> Dataset content:
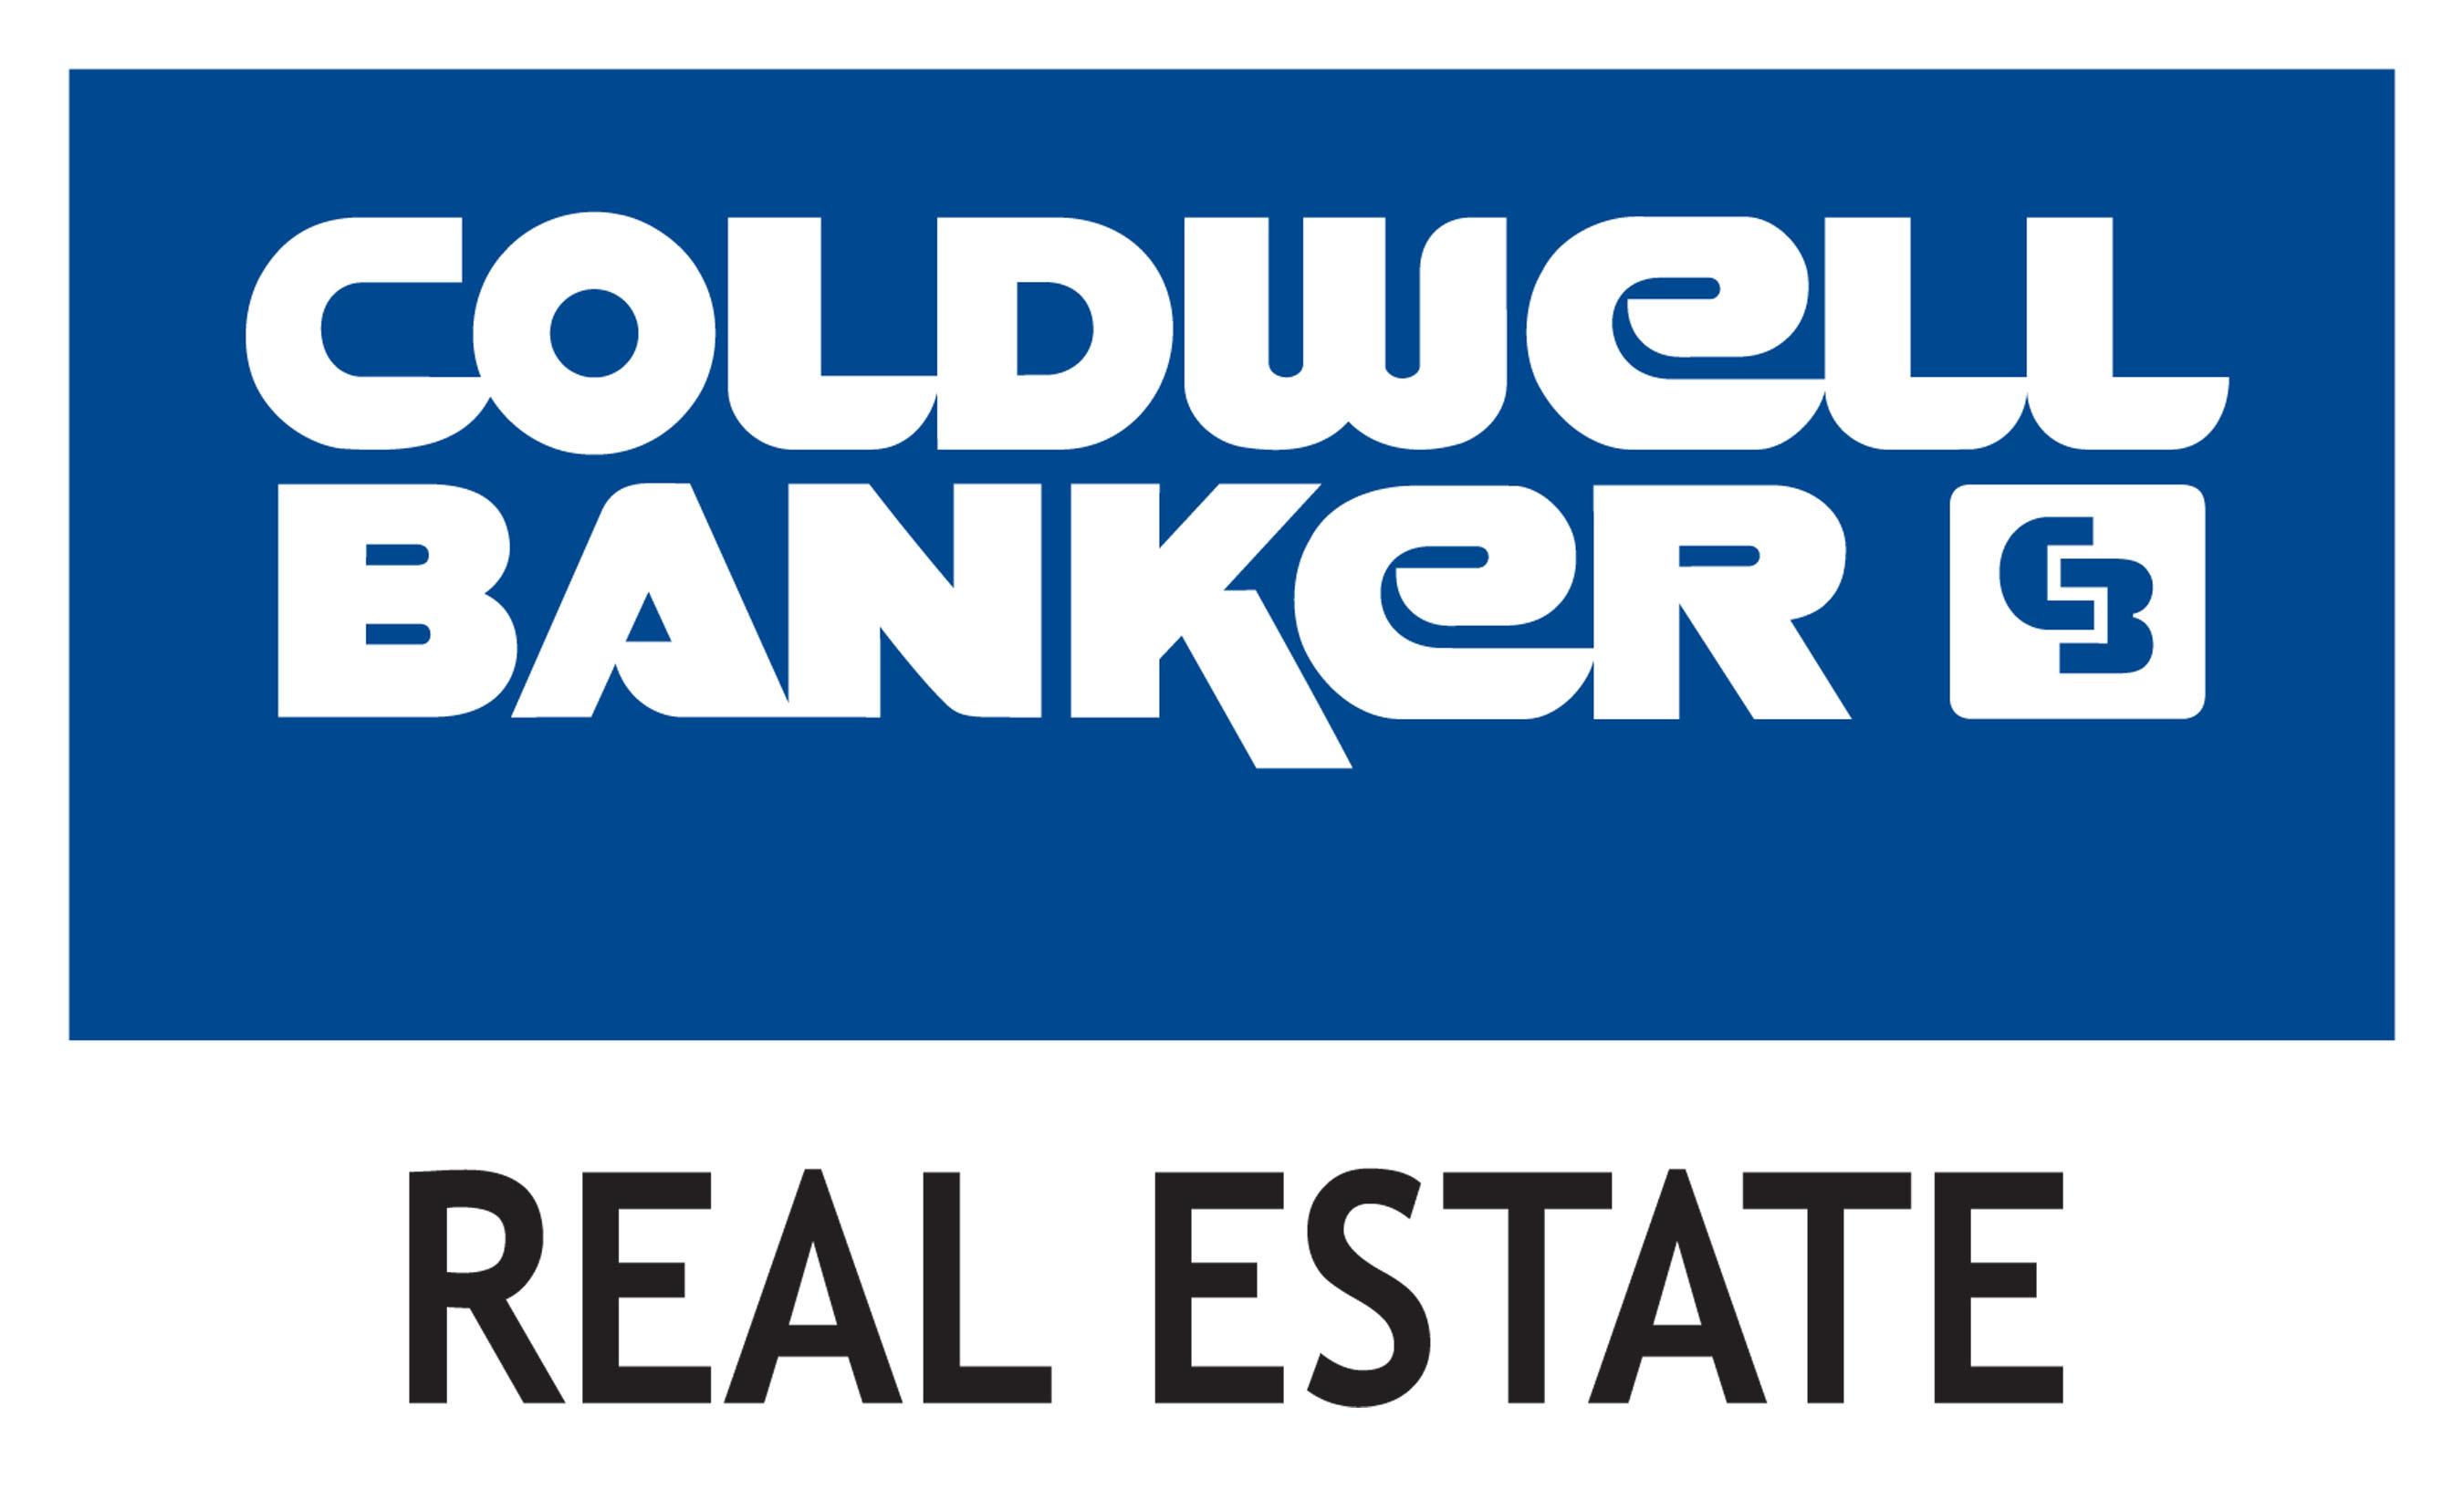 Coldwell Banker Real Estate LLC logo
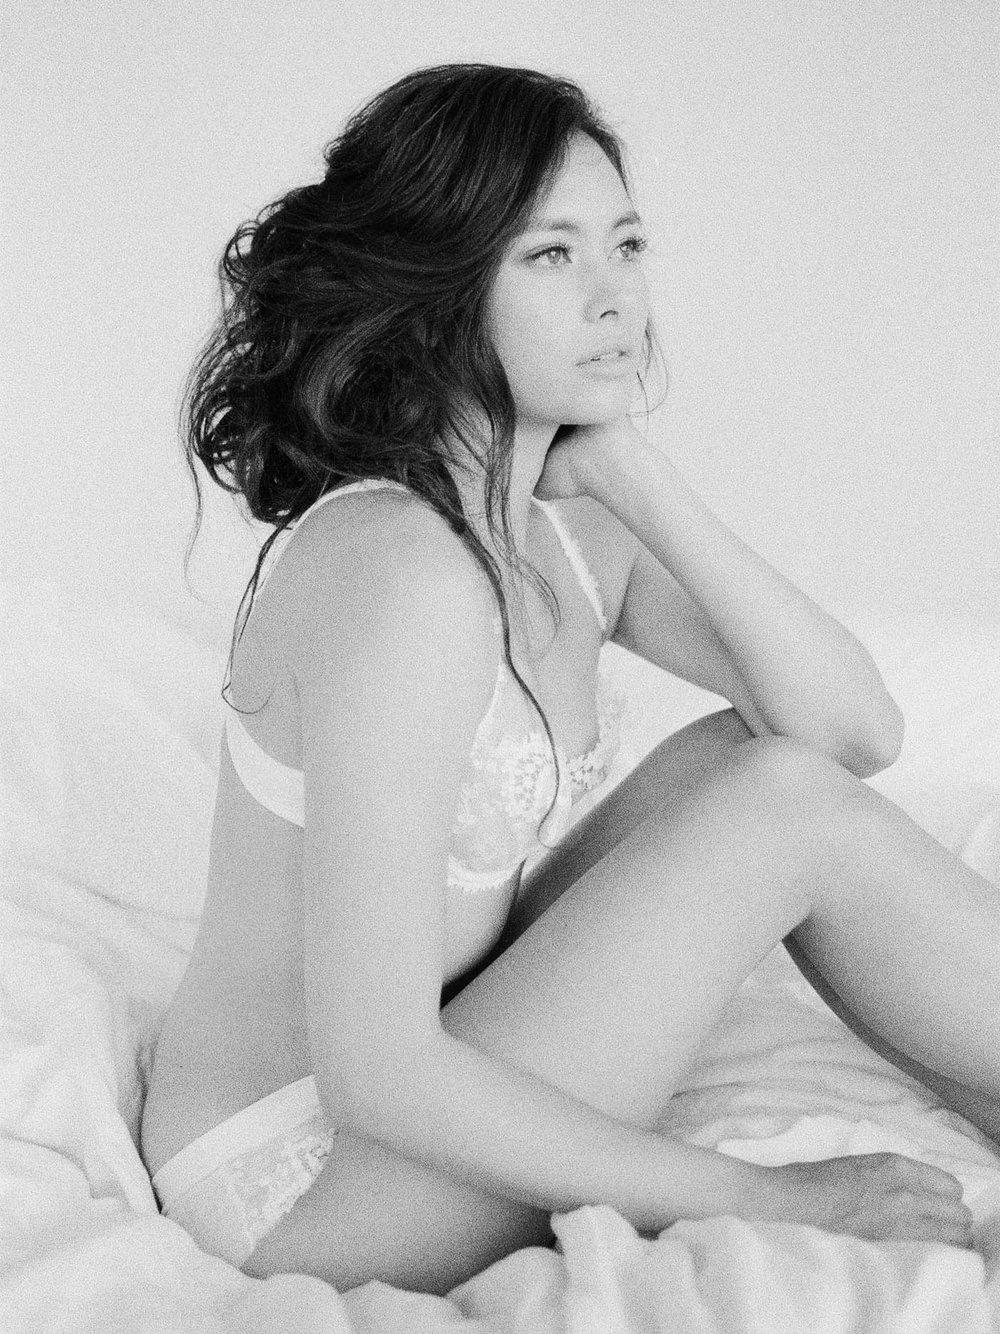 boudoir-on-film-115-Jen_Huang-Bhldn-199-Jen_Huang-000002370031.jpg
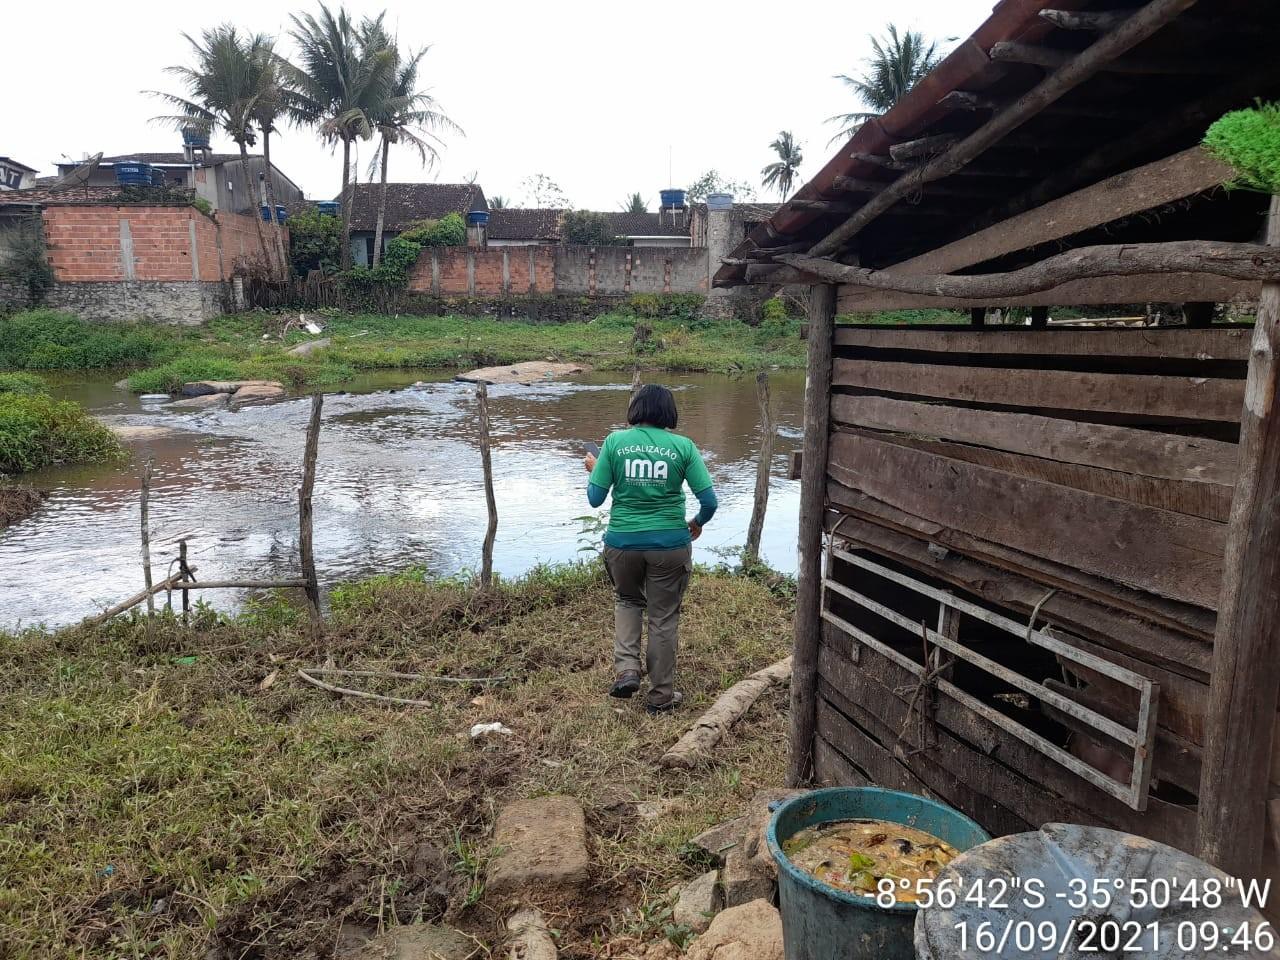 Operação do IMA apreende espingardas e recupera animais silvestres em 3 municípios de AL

> Exercise details: Give back the whole listing exactly as it stands. Drop every picture.

> Solution to this task:
 Coldwell Banker Real Estate LLC logo
 boudoir-on-film-115-Jen_Huang-Bhldn-199-Jen_Huang-000002370031.jpg
 Operação do IMA apreende espingardas e recupera animais silvestres em 3 municípios de AL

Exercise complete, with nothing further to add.